R aficionados would probably criticize the above code, since strictly speaking the assignment
x = y
is sometimes different than the R recommended way of making an assignment:
x <- y
which is an artifact from the use of ancient keyboards when R was written. I have never encountered a case where x=y
doesn't work, but apparently it can happen.
Modifying Variables
Unlike stata
we simply redefine the variable and don't need to bother with replace
:
mroz$newvar = mroz$newvar/10
print(summary(mroz$newvar))
Min. 1st Qu. Median Mean 3rd Qu.
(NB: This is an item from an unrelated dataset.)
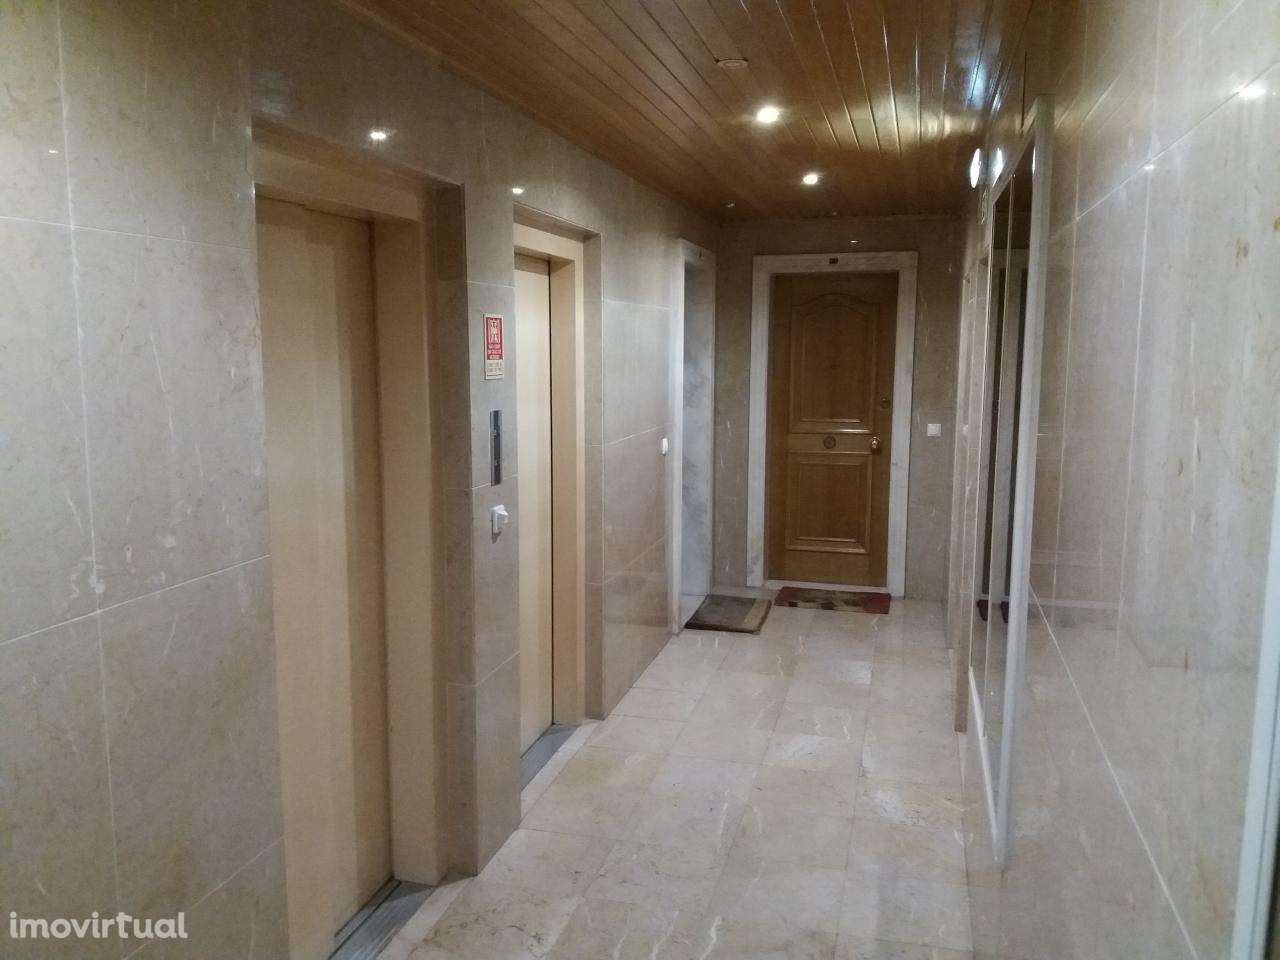 Apartamento para comprar, Areeiro, Lisboa - Foto 30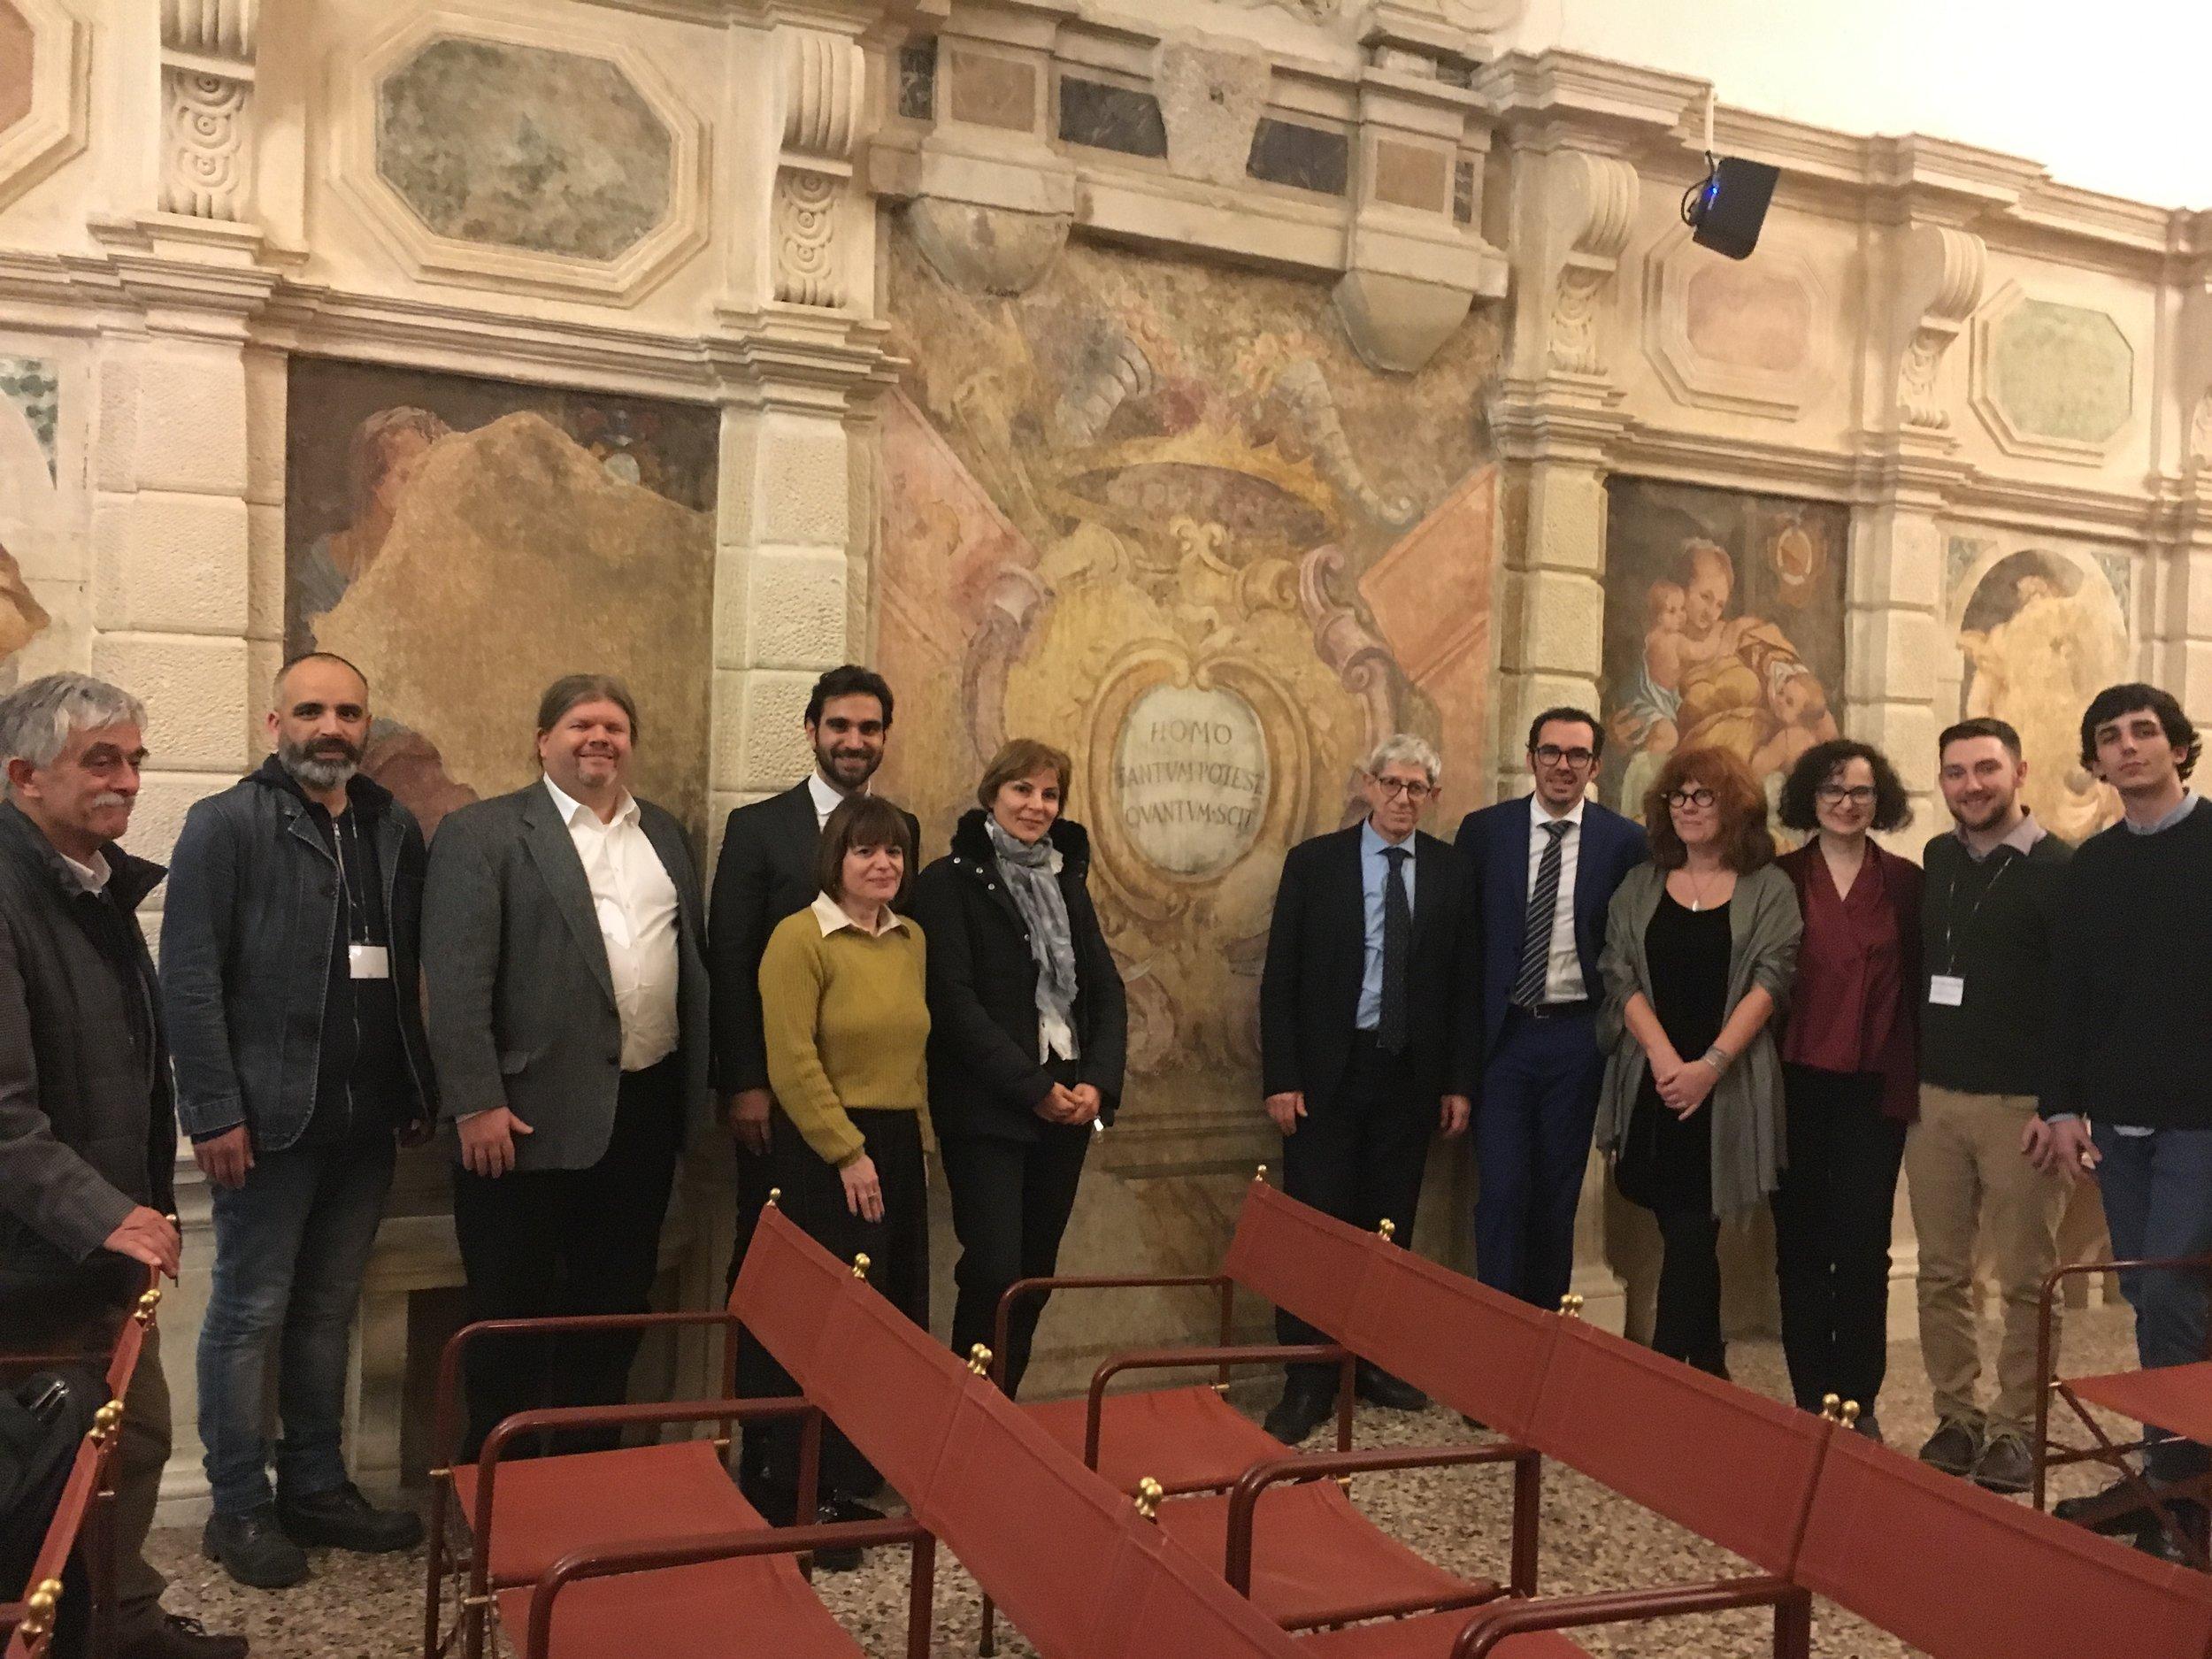 The invited speakers at the 2018 University of Padua Debate laboratory.

Max. 0.000 0.000 0.400 0.741 1.300 3.800
Getting help in R
If you know the function you need help with, just use the help function:
help(tail)
Linear Algebra in R
Here I briefly introduce the use of matrix algebra manipulations. Other programs are arguably better for pure linear algebra work (e.g. Matlab or Julia), but R is a very good environment for mixing modeling including running pre-packaged statistical commands and linear algebra. In my opinion stata's linear algebra code is a lot more intuitive than R's.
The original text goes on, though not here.